Following this, use caulk to seal any cracks around windows that are less than ¼ an inch in width. Caulk should only be used in the areas surrounding the window, such as where the trim meets the wall. Do not use caulk directly on the pane. If gaps are larger than our offered size or have an irregular shape, it is recommended that you use spray foam to fill in the space.
Weather-stripping is an alternative to caulking, though the two methods are not interchangeable. Weather-stripping should be left for the parts of windows with movement. There are several types of window weather-stripping on the market, so do your research or bring some questions to your local hardware store.
The stripping you choose should seal in any air from escaping while still allowing the window to open and close freely. Further, if either of these methods feels too permanent, there are temporary options on the market and they will be labelled as such. That way, you can seal your windows for the colder seasons and have air run freely during the warmer ones if necessary.
For keeping rooms warm, and thus, allowing heating systems to work at their own pace, it is important for you to consider covering windows with curtains or drapes. Though this may seem like an aesthetic choice, hanging curtains from your windows acts as an extra thermal barrier.
Hanging drapes can work to decrease discomfort during winter months as well as reduce heat from the sun during summer months, and most experts would argue that the simple task of putting up curtains reduces heat loss and gain by up to 25%.
Of course, this method will not stop air leaks, but working in tandem with caulking and weather-stripping is an excellent method to reduce your home’s carbon footprint and improve your energy efficiency.
If your air leakage problem goes a little bit deeper then installing caulking or hanging curtains, another method to consider in order to reduce your carbon footprint and save energy is installing insulating window panels or interior storm windows.
These are similar methods of insulation, as both typically contain an insulating material that has been cast inside a wood or metal frame. This frame will seal tightly against your existing window, and this is usually by way of magnets or Velcro.
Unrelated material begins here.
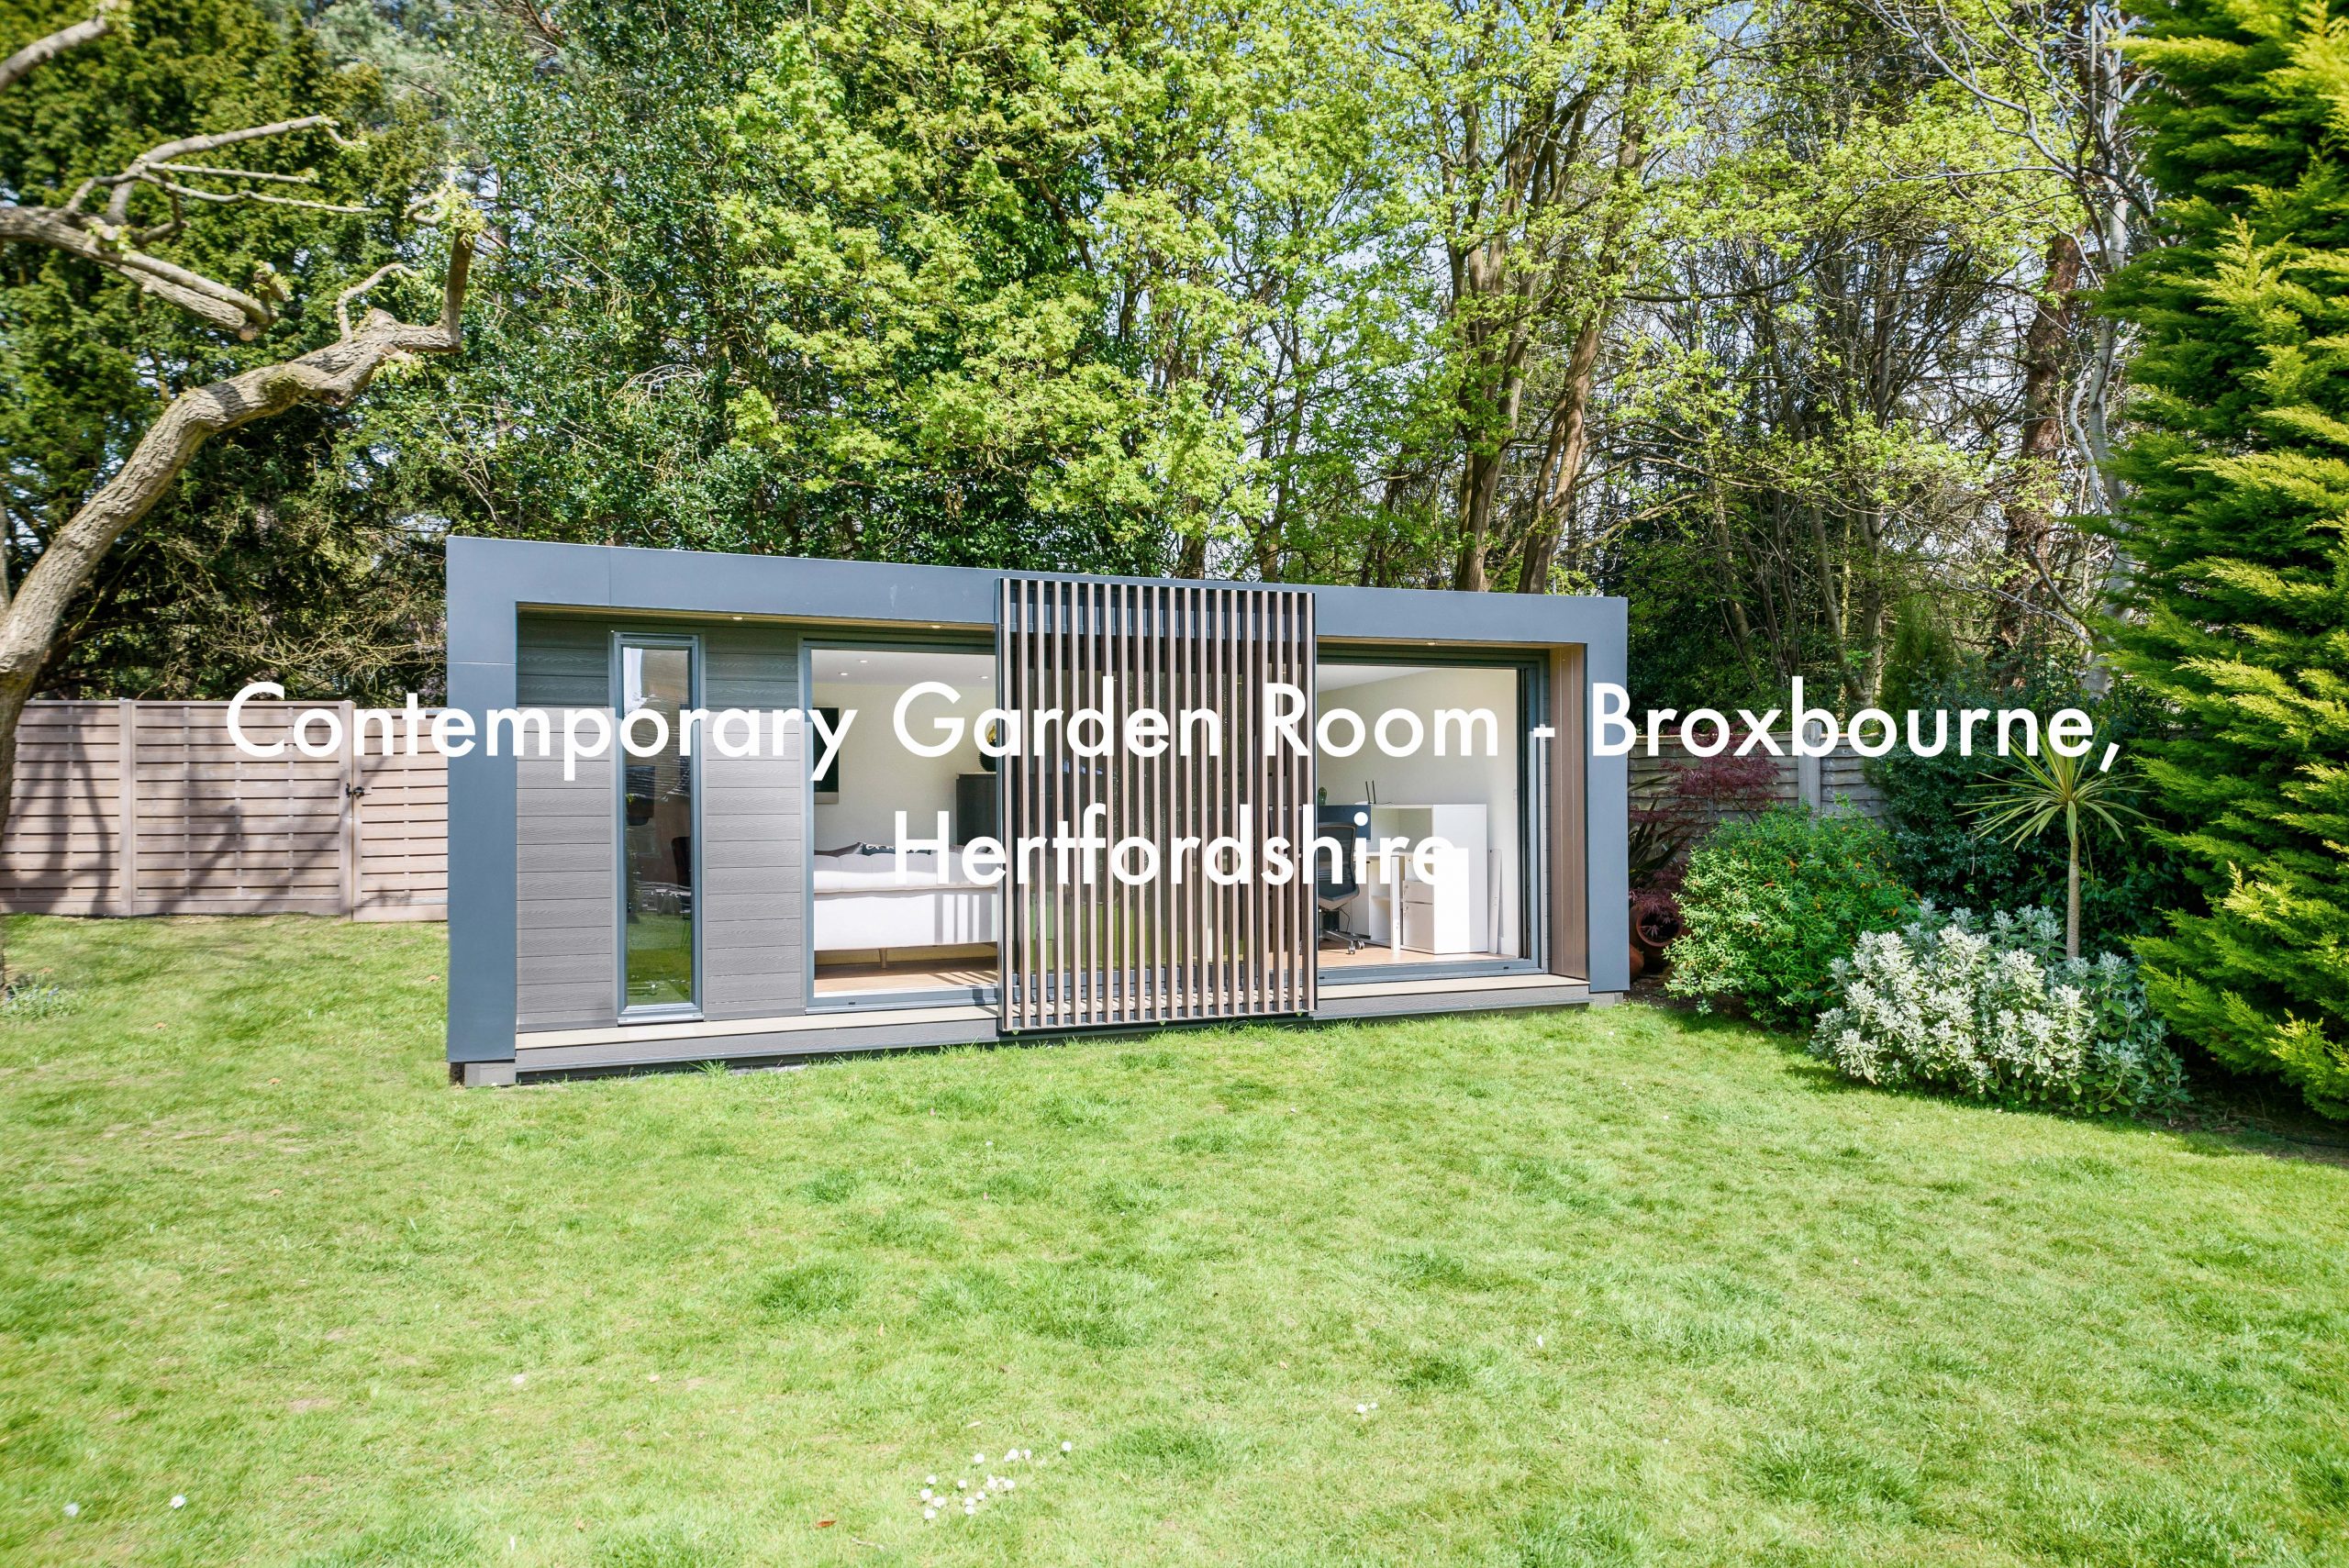 Contemporary garden room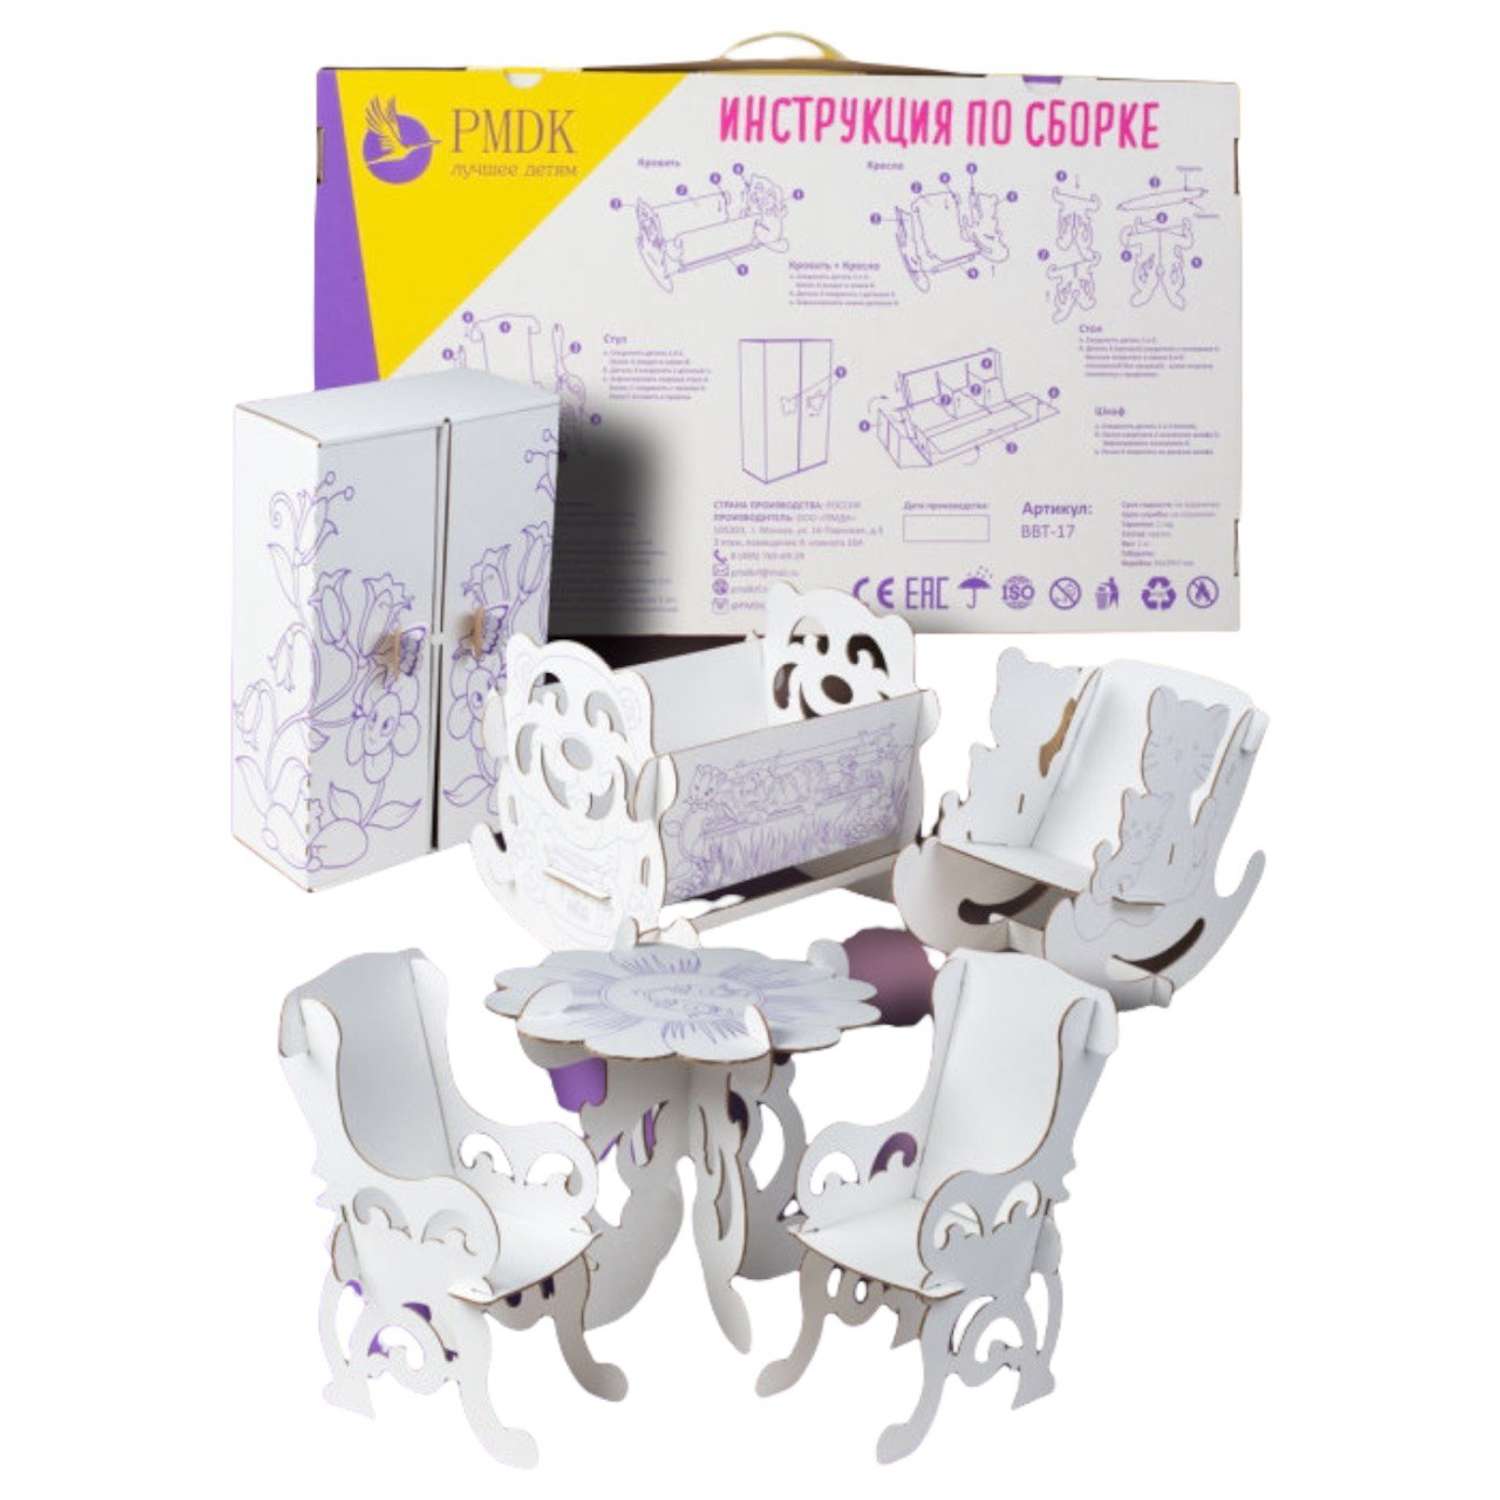 Мебель для кукол ПМДК из картона ВВТ-17 14114115 - фото 2

Weather sealing is not permanent, and window panels can be removed and reused per season. Bear in mind that for either window panels or storm windows to work correctly, they must be installed correctly. When well constructed and well installed, these style windows can reduce air infiltration, and lead to overall energy saving of between 10-15%.
However, depending on whether you are installing window panels or storm windows, your view may be slightly obstructed as not all the materials are transparent. Also, worth noting is that these windows can be costly upfront, but if you’re interested in reducing the amount of energy your home uses, and thus, saving in the long run, it is well worth the investment.
Double-glazed windows consist of two layers of glass which are separated by a pocket of air between them. This type of window creates an extra barrier and twice the insulation of a regular single-glazed window, and this has nothing to do with the glass itself. In fact, it is the air that rests between these two pieces of glass which create the insulation.
When double-glazed windows are made, the air between the glass is dried and the space is sealed airtight, meaning that no air can escape in or out. Though these have a similar method to that of storm windows, it can be argued that double-glazed windows are more effective at reducing heat loss and keeping down energy costs.